Reading and Writing Texture Data
Textures offer a set of methods to read and write texture data
| Method | Description |
|---|---|
Texture.writeData() | |
Texture.readDataAsync() | |
Texture.writeBuffer() | |
Texture.readBuffer() |
WebGPU Texture Data Alignment
It is worth noting, especially when working directly with buffers that WebGPU requires that bytesPerRow must be a multiple of 256 for all texture data
(except for 1D textures which do not have alignment requirements).

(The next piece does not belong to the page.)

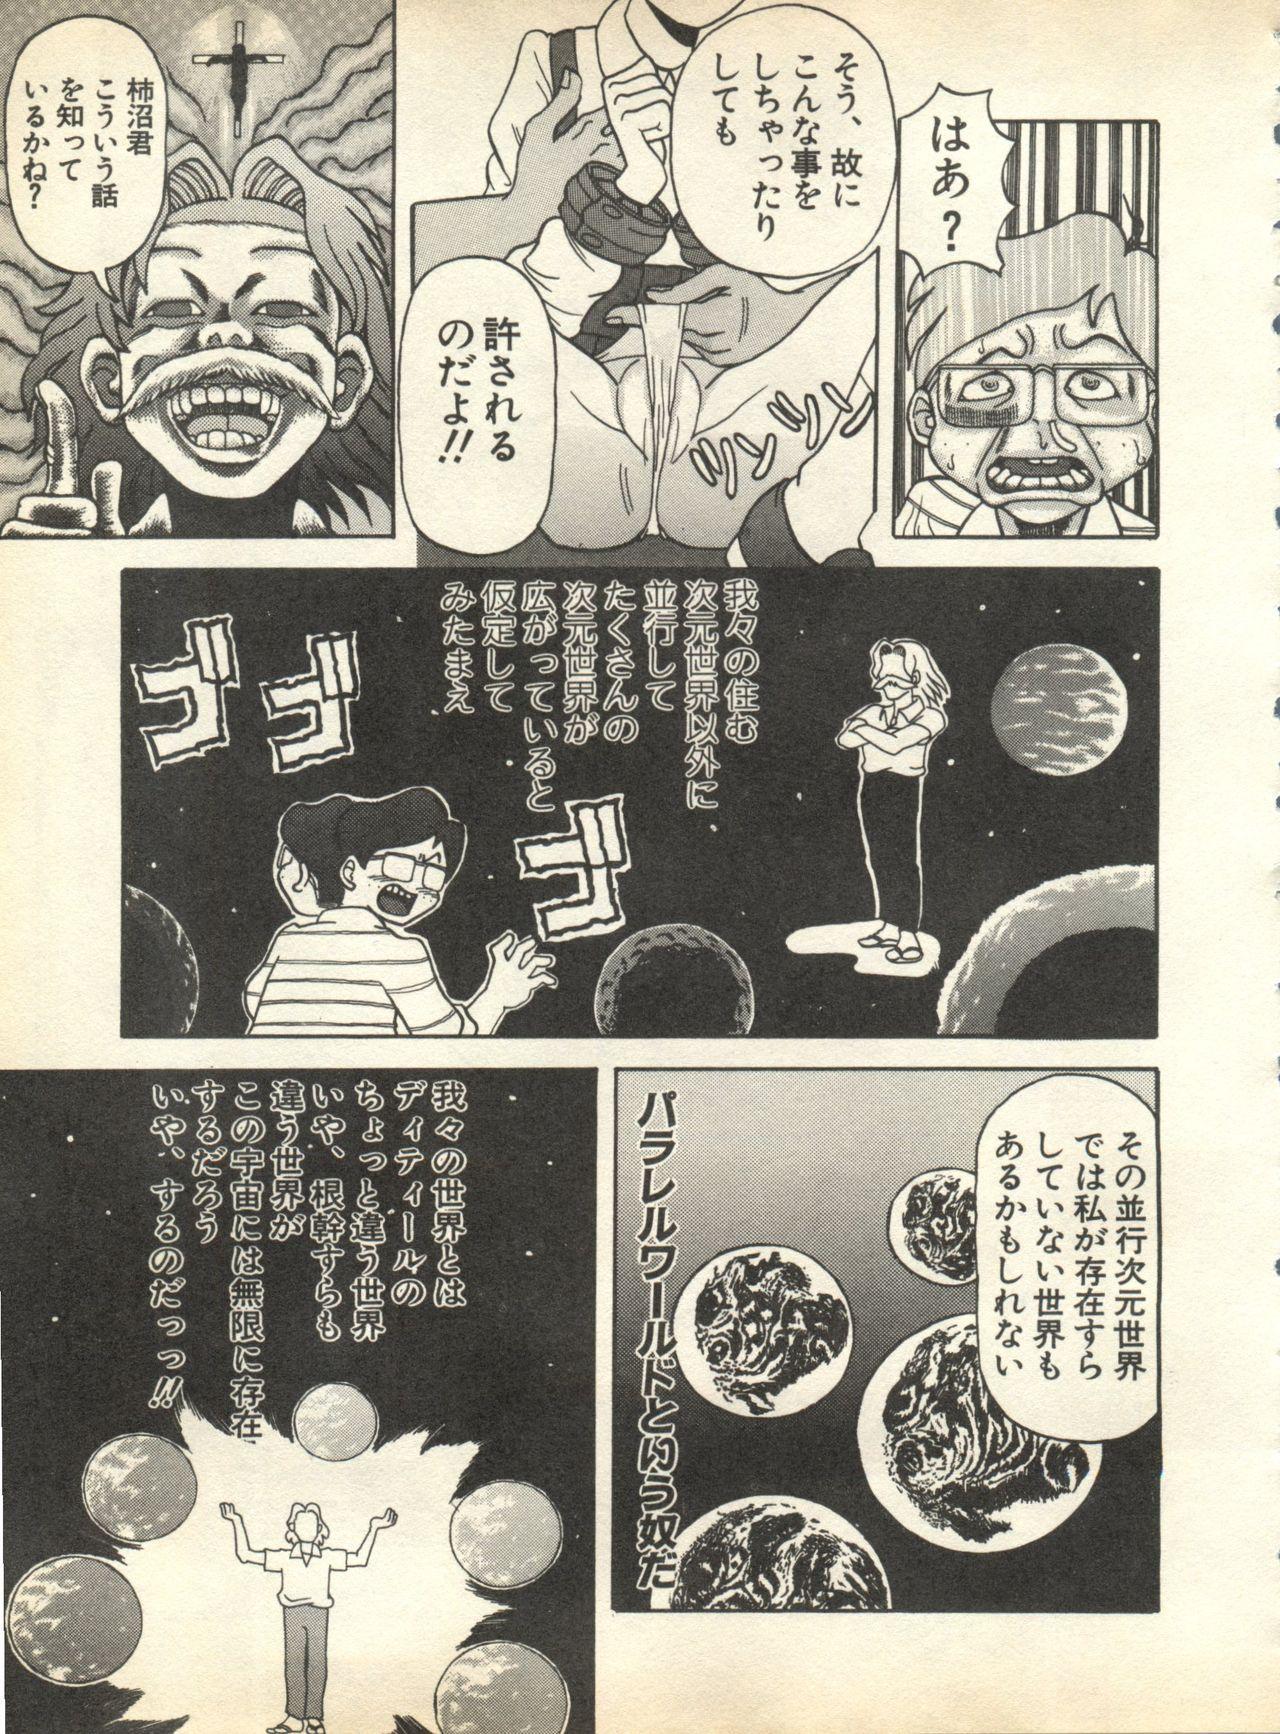 Pai;kuu 1998 October Vol. 13 236

This is because most modern GPU architectures access texture data in large aligned memory blocks, and unaligned row strides:
- Break fast memory page access
- Require slower fallback modes or copies
- May even crash or cause undefined behavior on some hardware
So WebGPU enforces the strictest alignment across the board to avoid inconsistent behavior or costly driver fallbacks. It's not a limitation of a specific platform, but rather a lowest common denominator across vendors, including:
| Platform / Vendor | 256-byte alignment reason |
|---|---|
| Apple / Metal | Metal requires row strides aligned to 256 bytes for optimal performance and correctness. |
| Direct3D 12 (Windows) | D3D12 has alignment requirements for D3D12_TEXTURE_COPY_LOCATION buffer layouts. |
| Vulkan (Linux/Windows/Android) | vkCmdCopyBufferToImage requires bufferRowLength alignment for tight row packing. |
| Mobile GPUs | Unified memory and tile-based rendering architectures strongly prefer 256-byte rows for coalesced access. |
Why 256? It has been chose as a sweet spot between overhead and performance. 256 bytes is a power of two, making it a natural alignment boundary that fits well with:
- Cache line sizes
- Tile sizes (especially on mobile GPUs)
- SIMD vectorized memory access units (e.g., 32 or 64 bytes * 4 or 8 lanes)
Essentially, large enough for efficient DMA transfers, small enough not to waste too much memory.
WebGL2 Texture Data Alignment
WebGL2 accepts unaligned texture data, however there may be a small performance benefit in pre-aligning the data on 2, 4 or 8 byte boundaries. This is however unlikely to matter unless many large texture copies are being performed.